For the restaurateur and senior management there is no time for lunch before service but instead there is usually something to eat around 15.00 or a little later when most of the customers have left or have reached the coffee stage. After a decade of lunch around 15.00 in my restaurant-owning days, I had come to believe that this was normal despite the fact that it plays havoc with any dinner plans with friends or family.

Staff meals have significant consequences. They are a considerable cost for most restaurateurs who want to look after their staff properly but they are one of the few occasions when various members of the whole restaurant can actually meet one another and they can therefore  be used to build a strong ‘esprit du corps’. Romance has, I have seen, blossomed over the staff meal and it was during one that the idea was mooted for our annual staff outing which proved hugely popular.

But the biggest anomaly about staff meals is the huge difference between what and how the chefs and waiting staff eat no more than thirty minutes or an hour before they are cooking and serving dishes from their restaurant’s menu. The staff meal is invariably one dish, served in copious quantities, from which everyone helps themselves as quickly as possible (with, increasingly, provision made for vegetarians).
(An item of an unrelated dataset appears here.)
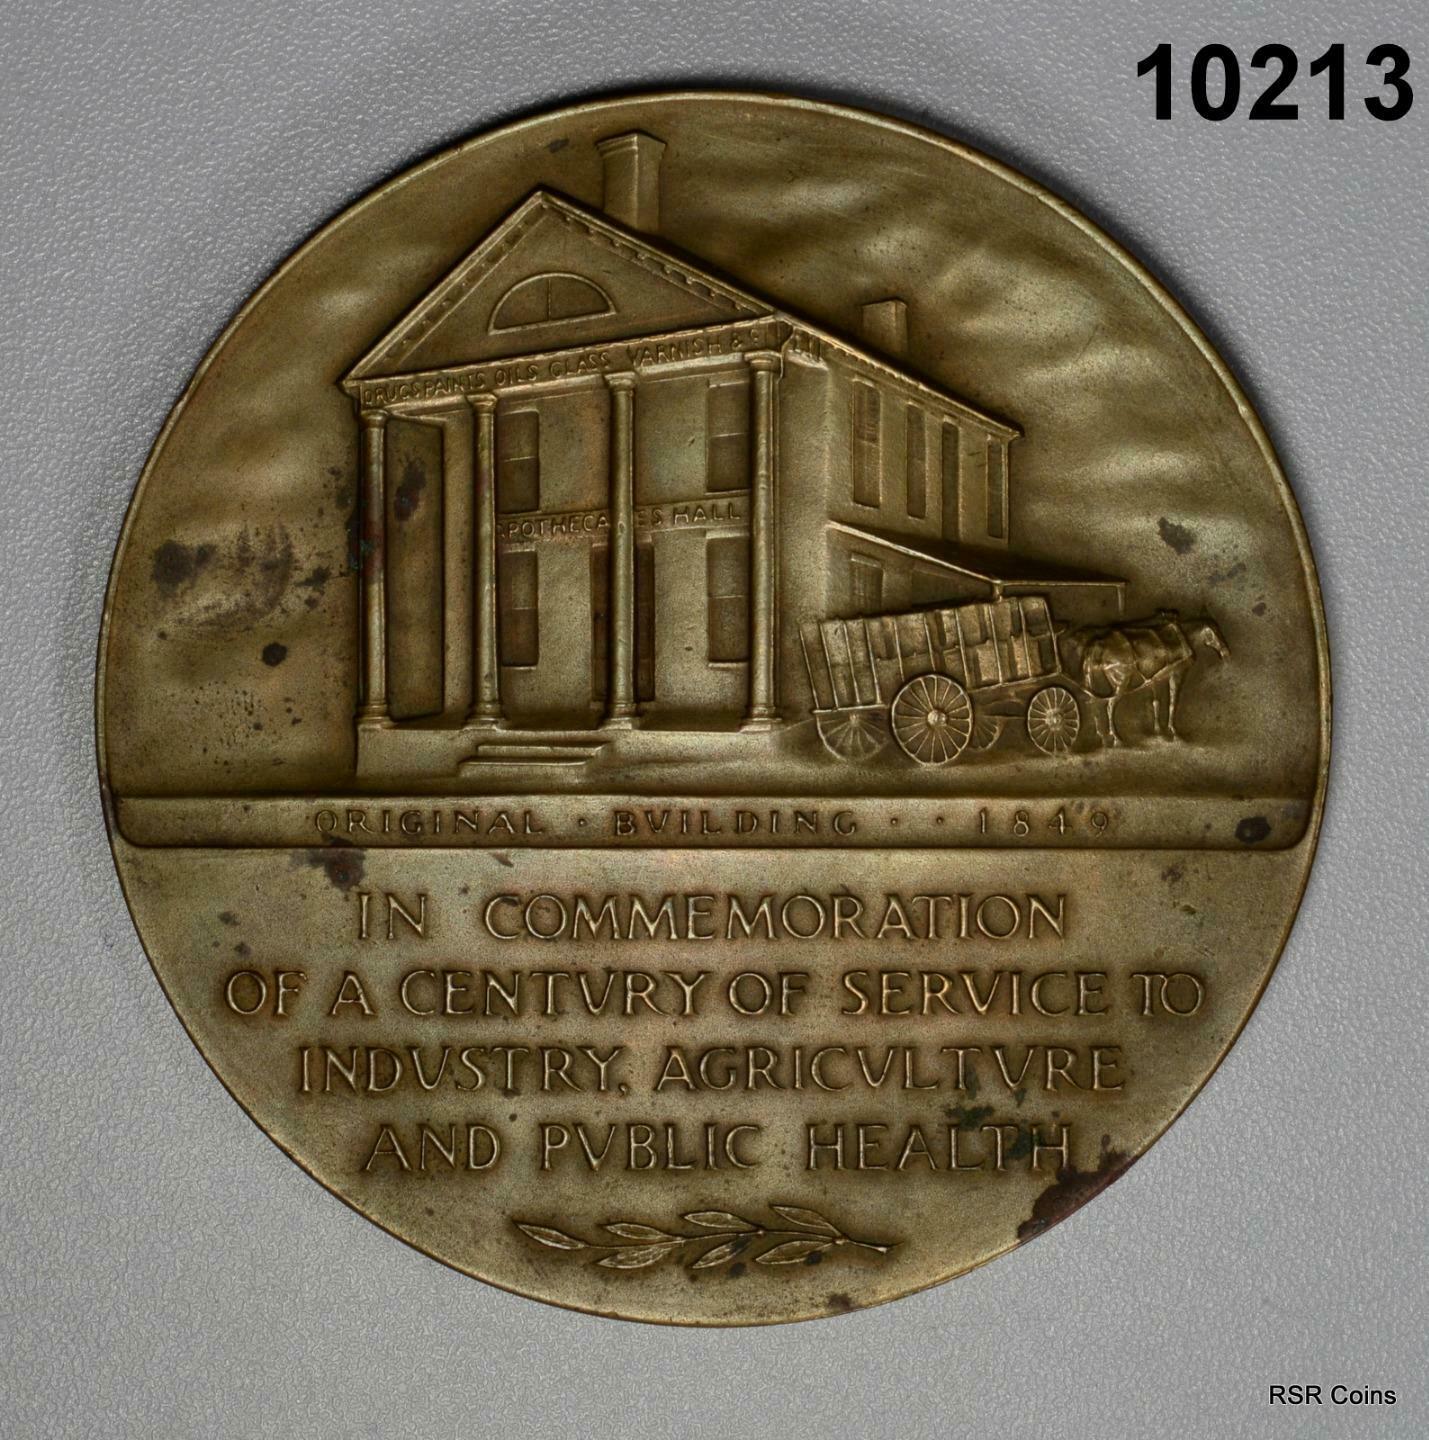 VINTAGE 1949 BRONZE MEDAL FOR APOTHECARIES HALL CO. MEDALLIC ART 3 INCH #10213

Anyone who wants to understand why cooks would be, in my opinion, the only serious rival to journalists in any competition to find the world’s fastest eaters should watch chefs eating their staff meal with one eye on the clock.

I experienced perhaps the biggest such variance between what the restaurant staff and their customers eat, when Julio Soler, the restaurateur behind the now world-famous El Bulli in Roses, Spain, allowed me because of our long friendship to become the first outsider ever, to join his kitchen staff for their evening meal recently.

When I arrived at 17.30 Soler was looking anxious and I was concerned that he might have regretted his decision but in fact something far more serious was afoot. A forest fire was burning out of control over the hill and if the tramontane, the strong local wind, did not stop it would reach El Bulli which lay directly in its path. Happily, it did.

There was no sign of any such concern in the kitchen where the 35-strong brigade was hard, and quietly, at work. The main section of the kitchen comprises five parallel surfaces, three stainless steel tables for preparing and assembling the food, and two runs of cooking surfaces on which the chefs can cook from either side. In front, at ninety degrees to these surfaces, is the long, thick wooden table, complete with the statue of the bull’s head, at the right of which the renowned chef Ferran Adria or his deputy Oriol Castro call away the orders and from which the waiting staff collect the food. Within ten minutes this was to be staff canteen.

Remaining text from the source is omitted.